A Rare Muscular Dystrophy Doesn’t Slow Down Carter

New parents Ashley and Matt had no idea they each carried the gene for a rare muscular dystrophy when their twins, Carter and Calvin, were born. All they knew was that newborn Carter was not doing as well as his brother. He fed slower and showed low muscle tone. “I’m a naturopathic physician and my husband is a chiropractor, and we were like, something’s not right,” Ashley said. After back-and-forth visits with their pediatrician, they were referred to Connecticut Children’s Emergency Department, where more tests were run.

Then Gyula Acsadi, MD, PhD, Division Head of Neurology, said he thought he knew what was going on, but one more blood test was needed. That test revealed that Carter’s creatine-kinase levels were elevated to an alarming level that indicated muscle breakdown typically associated with muscular dystrophy (MD). There are more than 30 types of MD, so genetic testing was required to identify the exact type that Carter had. He was just two weeks old.

We were given a pamphlet with all the different options, and there’s so many scary ones and not so scary ones that the six-week waiting period was pretty tough"
Ashley, Carter’s mother

Diagnosed with LAMA2-related muscular dystrophy

After six weeks, Dr. Acsadi called with the results. Carter had LAMA2-related muscular dystrophy, which causes muscle weakness and progressive atrophy. LAMA2-related MD is the result of two genetic mutations that cause complete or partial deficiency in the production of a protein called laminin-211, which plays a crucial role in skeletal muscle structure and function. LAMA2-related MD is the most common type of congenital muscular dystrophy, though it is still very rare. From the day Ashley and Matt received Carter’s diagnosis, they accepted that, “this is just our life now. It flipped a switch and then we were just worried about let’s make our house adaptable. Let’s buy a handicap van. What are the mobility devices he’ll need, so we can live as normal a life as possible,” she said.
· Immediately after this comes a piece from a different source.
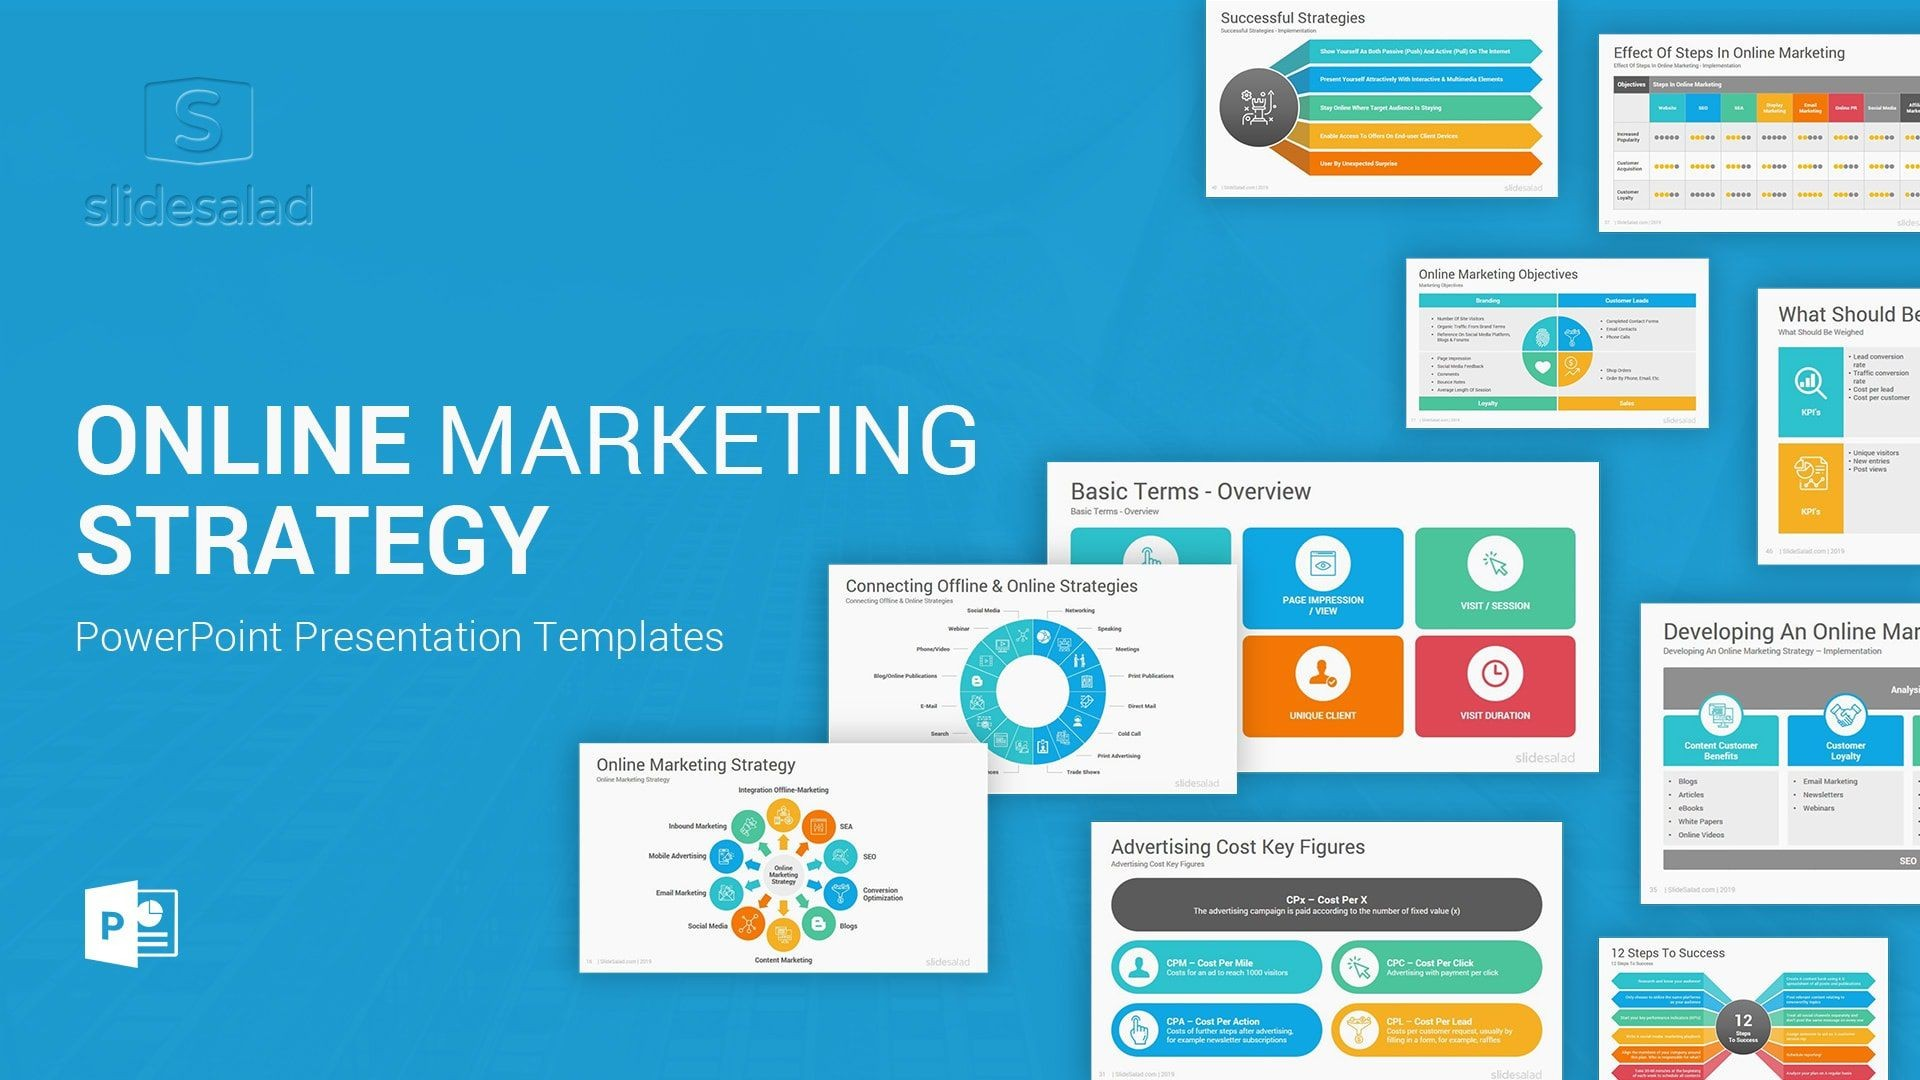 008 Awful Digital Marketing Plan Template Ppt High Def  Presentation Free Slideshare1920

Zooming through life with MD

When Carter was a year old, a Connecticut Children’s care coordinator helped the family acquire a grant for a miniature power chair sized for a young child, a $3,000 piece of equipment that wasn’t covered by insurance. “It was amazing. Carter could zoom around the house,” Ashley remembered. “He had total mobility in that thing.” Today, Carter gets around in a larger power chair that weighs 350 pounds, so heavy that they needed to install a lift from the garage level to their house. Carter continues to see multiple specialties at Connecticut Children’s, including neurology, endocrinology, pulmonary medicine, cardiology, gastroenterology, and physical and occupational therapy. In the future, Carter will need surgery for orthopedic spinal rods.

A brotherly bond

Carter is, in many ways, a typical 6-year-old boy. He loves all things cars and enjoys playing racing video games. For Hanukkah, his grandfather surprised him with tickets to a monster truck rally. At home, Carter and Calvin are like any siblings. They’re close, but they also fight over the iPad and spend hours playing tag and hide and seek. Although they are in different classrooms, Calvin is the go-to person when Carter’s power chair malfunctions at school. Carter attends a regular classroom, where school staff adapt activities to make sure he can participate fully. He especially loves PE, art, and music. “He’s super social,” Ashley said. “He remembers everybody’s name. He loves to talk and be around other people.”